I don't think that is their primary motivation. The announcement post for Claude 3.7 was all about code which doesn't seem to imply "all use cases". Code this, new code tool that, telling customers that they look forward to what they build, etc. Very little mention of other use cases on the new model announcement at all. Their usage stats they published are telling - 80%+ or more of queries to Claude are all about code. i.e. I actually think while they are thinking of other use cases; they see the use case of code specifically as the major thing to optimize for.
OpenAI, given its different customer base and reach, is probably aiming for something more general.
IMO they all think that you need an "ensemble" of models with different capabilities to optimise for different use cases. Its more about how much compute resources each company has and what they target with those resources. Anthrophic I'm assuming has less compute resources and a narrower customer base so it economically may make sense to optimise just for that.
That's possible, my counter point would be that if that was the case Anthropic would have built a smaller reasoning model instead of doing a "full" Claude. Instead, they built something which seems to be flexible across different types of responses.
It can never be just reasoning, right? Reasoning is the multiplier on some base model, and surely no amount of reasoning on top of something like gpt-2 will get you o1.
This model is too expensive right now, but as compute gets cheaper — and we have to keep in mind, that it will — having a better base to multiply with will enable things that just more thinking won't.
You can try for yourself with the distilled R1's that Deepseek released. The qwen-7b based model is quite impressive for its size and it can do a lot with additional context provided. I imagine for some domains you can provide enough context and let the inference time eventually solve it, for others you can't.
Ever since those kids demo'd their fact checking engine here, which was just Input -> LLM -> Fact Database -> LLM -> LLM -> Output I have been betting that it will be advantageous to move in this general direction.
Maybe, I’m inclined to think OpenAI believes the way I laid it out though, specifically because of their focus on communication and EQ in 4.5. It seems like they believe the large, non-reasoning model, will be “front of house.”
Or they’ll use some kind of trained router which sends the request to the one it thinks it should go to first.
* Anthropic appears to be making a bet that a single paradigm (reasoning) can create a model which is excellent for all use cases.

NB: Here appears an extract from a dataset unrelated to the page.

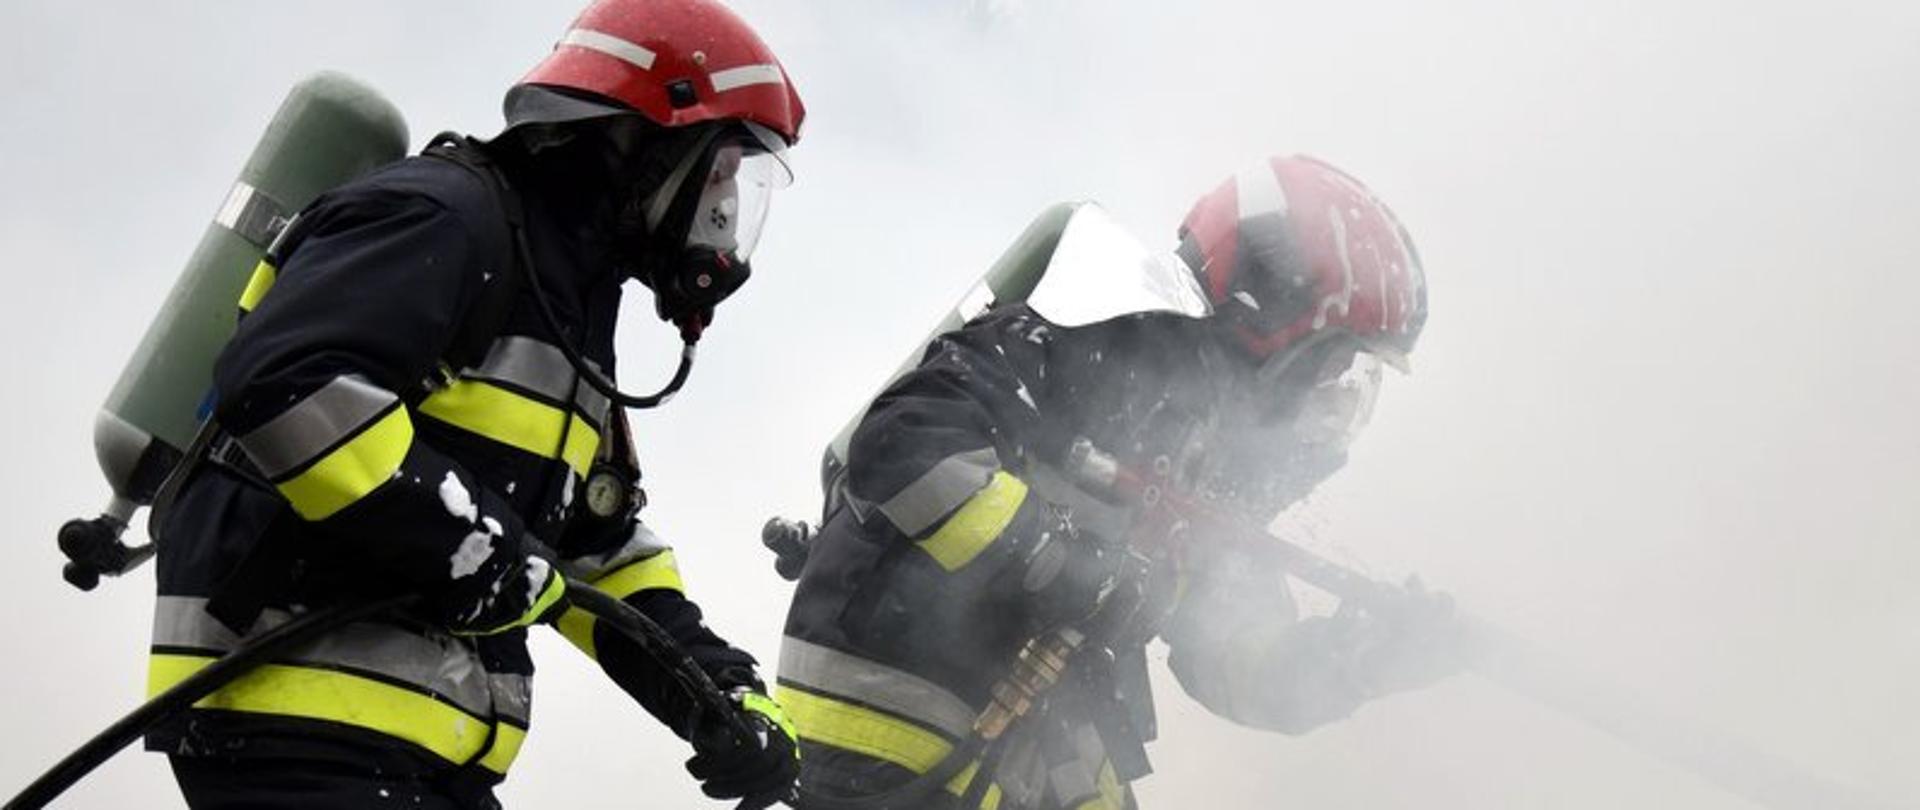 Dwóch strażaków ubranych w ubrania specjalne (nomexy) w hełmach i aparatach powietrznych stoi w zadymianym pomieszczeniu, gasząc niewidoczny na zdjęciu ogień

* OpenAI seems to be betting that you'll need an ensemble of models with different capabilities, working as a single system, to jump beyond what the reasoning models today can do.
Based on all of the comments from OpenAI, GPT 4.5 is absolutely massive, and with that size comes the ability to store far more factual data. The scores in ability oriented things - like coding - don't show the kind of gains you get from reasoning models but the fact based test, SimpleQA, shows a pretty large jump and a dramatic reduction in hallucinations. You can imagine a scenario where GPT4.5 is coordinating multiple, smaller, reasoning agents and using its factual accuracy to enhance their reasoning, kind of like ruminating on an idea "feels" like a different process than having a chat with someone.
I'm really curious if they're actually combining two things right now that could be split as well, EQ/communications, and factual knowledge storage. This could all be a bust, but it is an interesting difference in approaches none-the-less, and worth considering that OpenAI could be right.